Thank you, Penny. I'll say more about the animals in another post. I loved them as characters, with individual personalities (just as our own animal friends do). But as a writer, I loved what they enabled me to do: things in the fiction that my human characters could never do. The series taught me a great deal.
Very interesting! Thank you.
I've ordered four books, hope to complete the collection later. I'm a huge Potter fan, and am so happy to know about these Cottage Tales.
They were such fun to write. Since you know her children's work, you'll see her influence (direct and indirect) in every book. Hope you enjoy them!

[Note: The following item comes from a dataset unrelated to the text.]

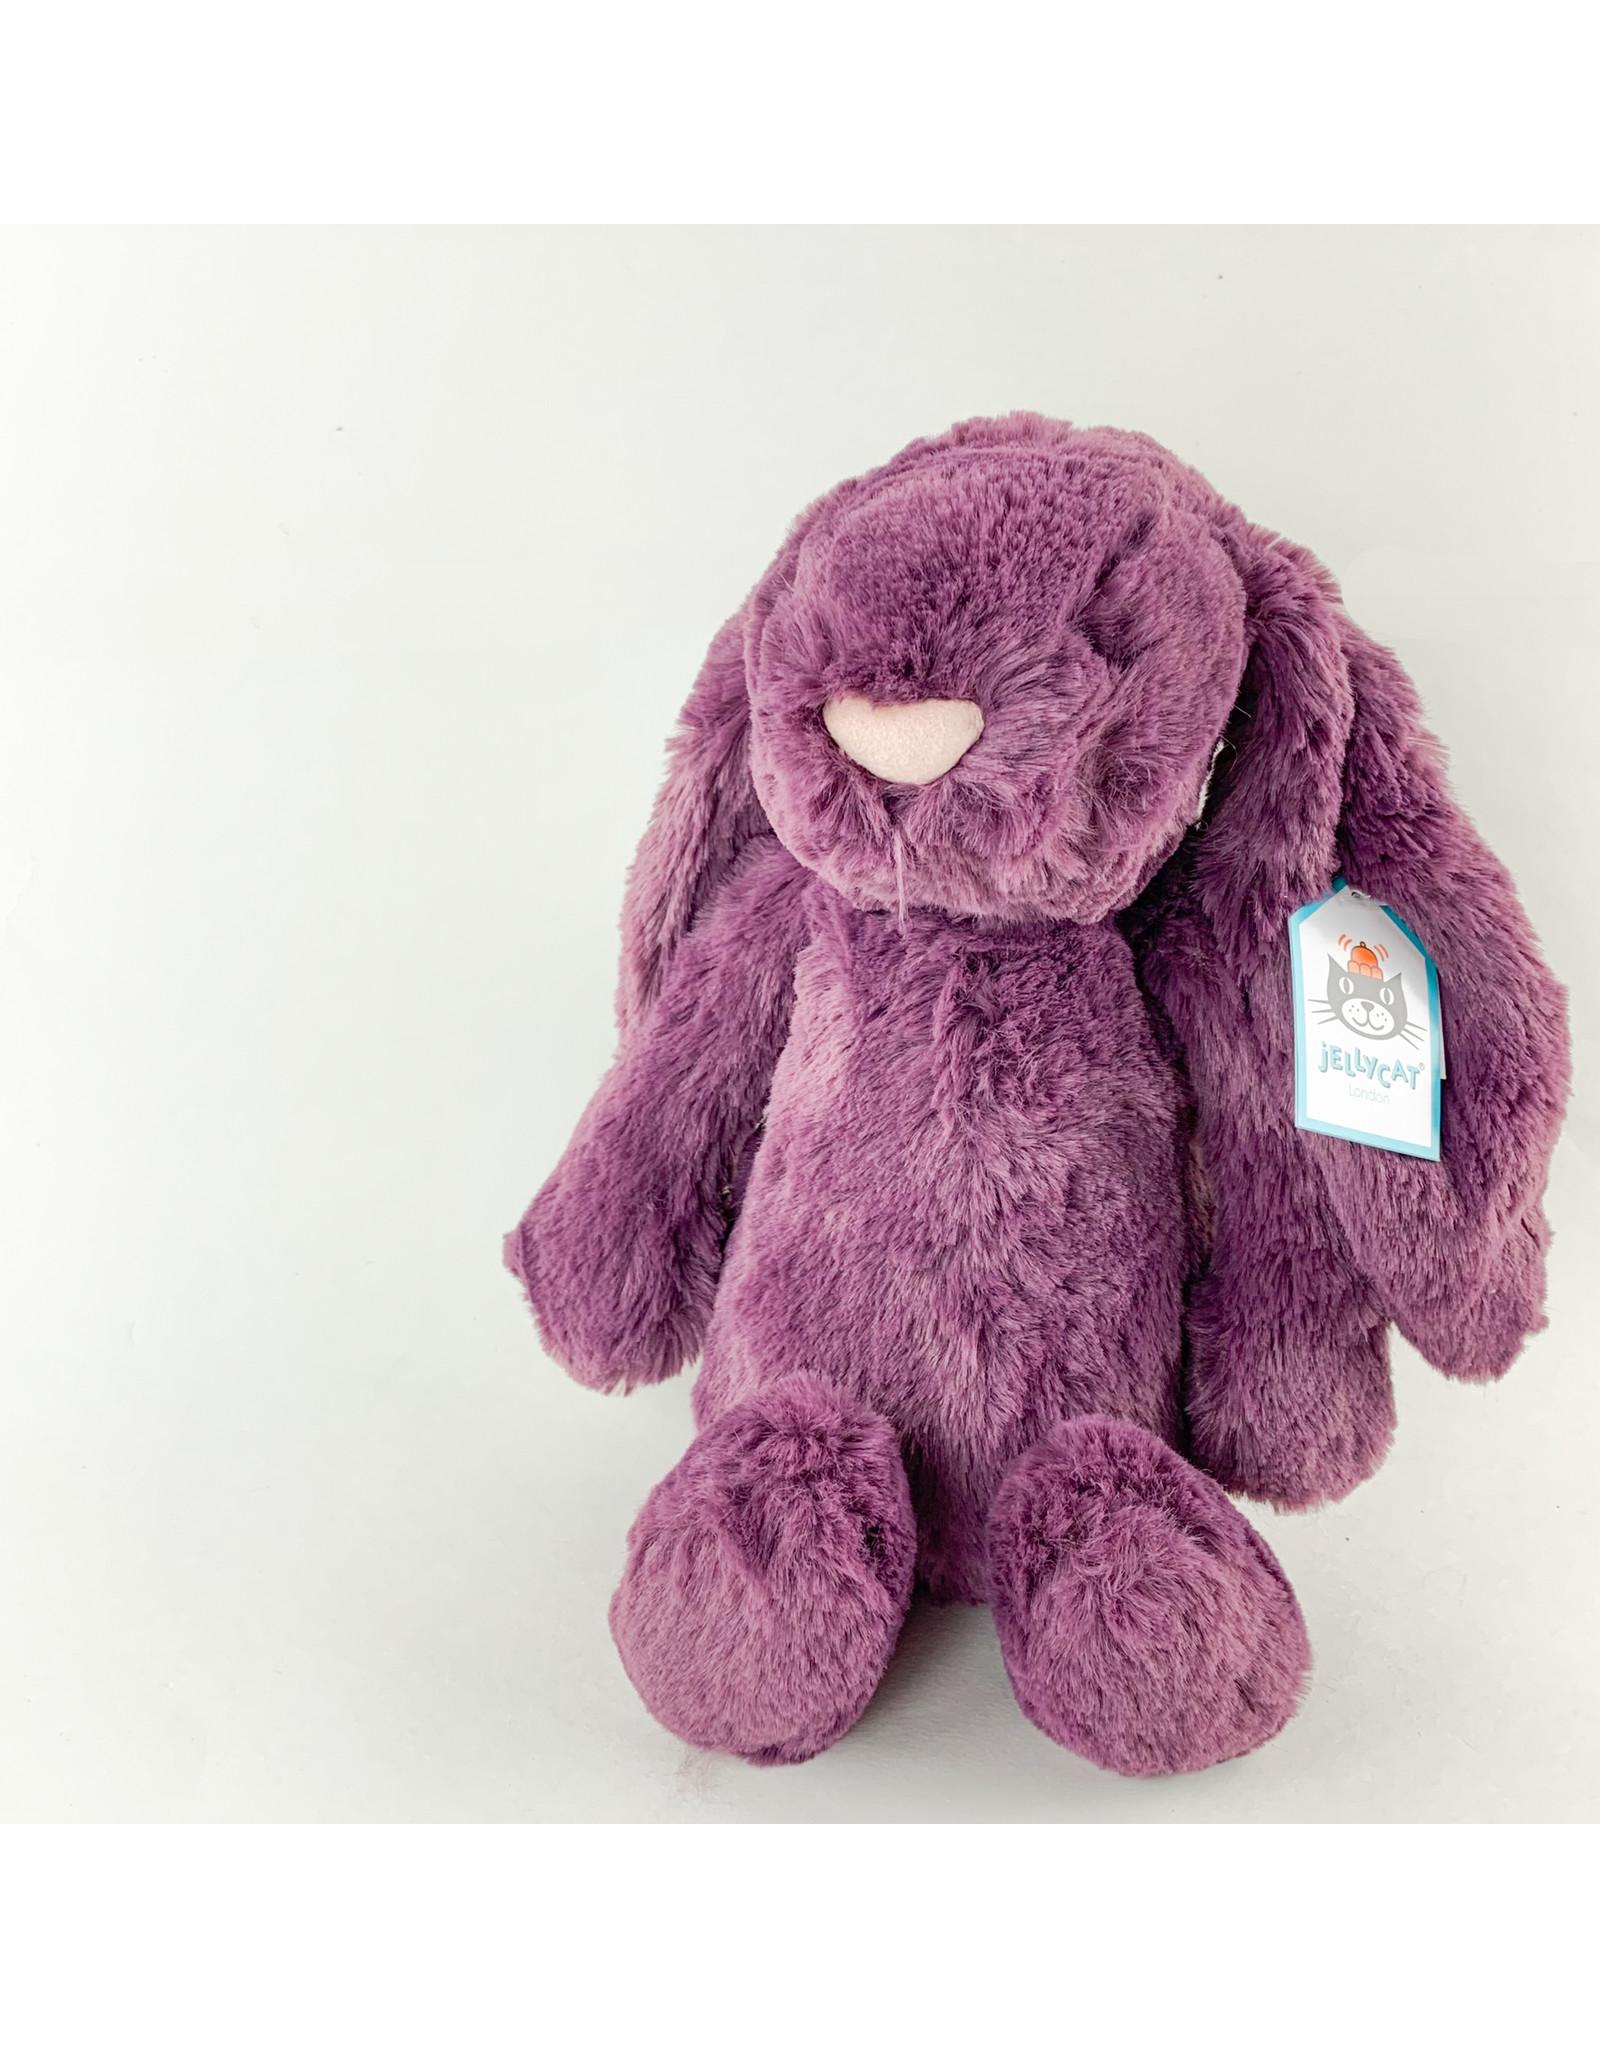 jelly cat Plum bunny

I am one of the many(I am sure) who devoured the entire series as fast as I could. I loved it so much, both for the glimpse inside the life of B.P. as for the wonderful cast of animal characters, and the beautiful descriptions of the English countryside. I, too, loved the narrator and found myself laughing out loud at her sassiness as she became more developed. I felt she made the stories richer. These books are in my all-time favorites column. 🥰
I'll say more about that narrator in another post. But you're right, Beth, about that narrator. In fact, she got so bossy that I sometimes had to make her go sit in a corner and watch while the people and animals got on with their stories. But there she was again, a few pages later, always with something to SAY. Rereading the series recently, I almost wished I'd sent her to her corner more often.🙄
That’s funny! No worries. I overlooked her when she got too bossy. She reminded me of me! 😁
Very true--we can always just skip a few paragraphs! Something I tell myself often. 😍
I sure wish I could travel to the UK to the Lake District to see where Beatrix lived and perhaps see the Dales where James Herriott lived-Another favorite author of mine. Helps to dream at my age
We were there often during the late 1990s, early 2000s, when there was less tourist traffic. But still, those little villages were often just swamped with people. I find myself now enjoying the many photos and travel pieces I find online, Debra--less wearing than actual travel!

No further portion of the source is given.